Show the supervenn plot of pan-tissue EGs, Kidney EGs and Kidney ucsEGs.

from HELPpy.visualization.plot import svenn_intesect
svenn_intesect([set(cs_EG_kidney),set(EG_kidney), set(cEG)], labels=['kidney ucsEGs', 'kidney EGs', 'common EGs'], ylabel='EGs', figsize=(8,4))
../_images/output_23_0.png

The plot shows that the Kidney tissue shares 1193 EGs with all the other tissues (over a total of 1250 ucEGs) and has 60 ucsEGs.

Show the supervenn plot of Kidney ucsEGs against Lung ucsEGs.

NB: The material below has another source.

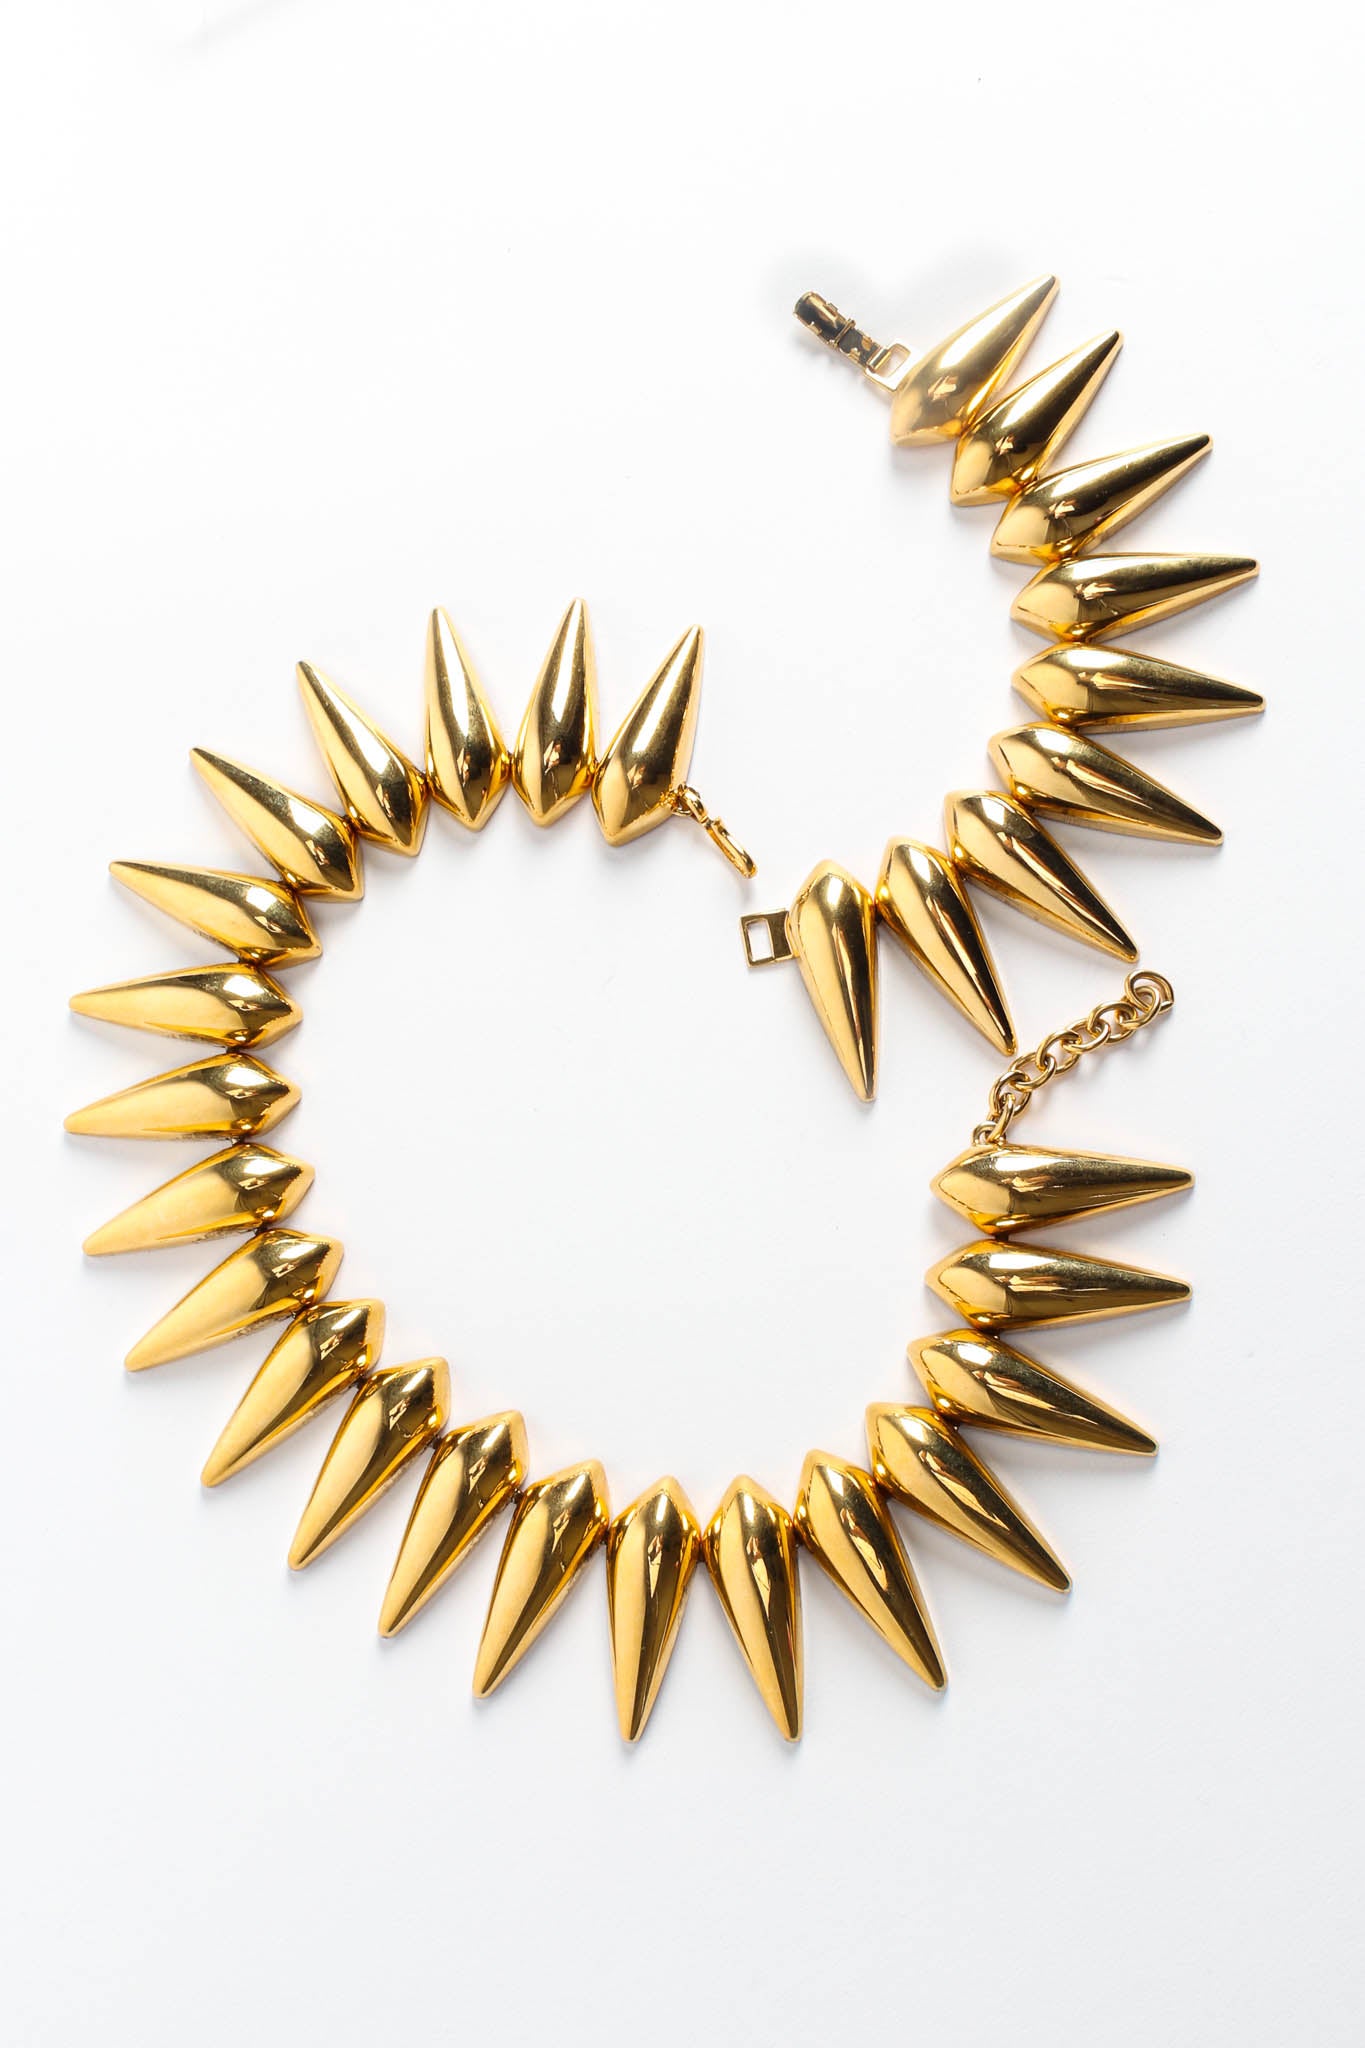 Vintage Monet Claw Spike Bracelet and Necklace @ Recess Los Angeles

from HELPpy.visualization.plot import svenn_intesect
from HELPpy.utility.selection import select_cell_lines
from HELPpy.models.labelling import labelling
tissueL = 'Lung'
#a) Identify Lung EGs (as in Example 1)
cell_linesL = select_cell_lines(df_nonan, df_map, [tissueL])
print(f"Selecting {len(cell_linesL)} cell-lines")
df_labelL = labelling(df_nonan, columns = cell_linesL, n_classes=2,
                      labelnames={0: 'E', 1: 'NE'},
                      mode='flat-multi', algorithm='otsu')

#b) Compute Lung ucsEGs
np.set_printoptions(threshold=sys.maxsize)
EG_lung = df_labelL[df_labelL['label'] == 'E'].index.values
ucs_EG_lung = np.setdiff1d(EG_lung, cEG)
print(ucs_EG_lung)
with open("ucsEG_Lung.txt", 'w', encoding='utf-8') as f:
    f.write('\n'.join(list(ucs_EG_lung)))

#Show the supervenn plot
svenn_intesect([set(cs_EG_kidney), set(ucs_EG_lung)], labels=['kidney', 'lung'], ylabel='ucsEGs', figsize=(8,4))
Selecting 119 cell-lines
0%|          | 0/119 [00:00<?, ?it/s]
100%|██████████| 119/119 [00:00<00:00, 215.18it/s]
['ACO2' 'AP2M1' 'ATP5F1D' 'BORA' 'CCDC86' 'CDK2' 'CKS1B' 'DCTN3' 'DDX11'
 'DDX39B' 'DGCR8' 'GEMIN7' 'NCAPH2' 'NFYB' 'NUMA1' 'NUP153' 'OXA1L'
 'PI4KA' 'PPAT' 'PTCD3' 'SCD' 'SLBP' 'SLC25A3' 'TFRC' 'TRPM7' 'YPEL5'
 'YTHDC1' 'ZNF407']
../_images/output_25_4.png

The plot shows that the Kidney and Lung tissues share 5 ucsEGs.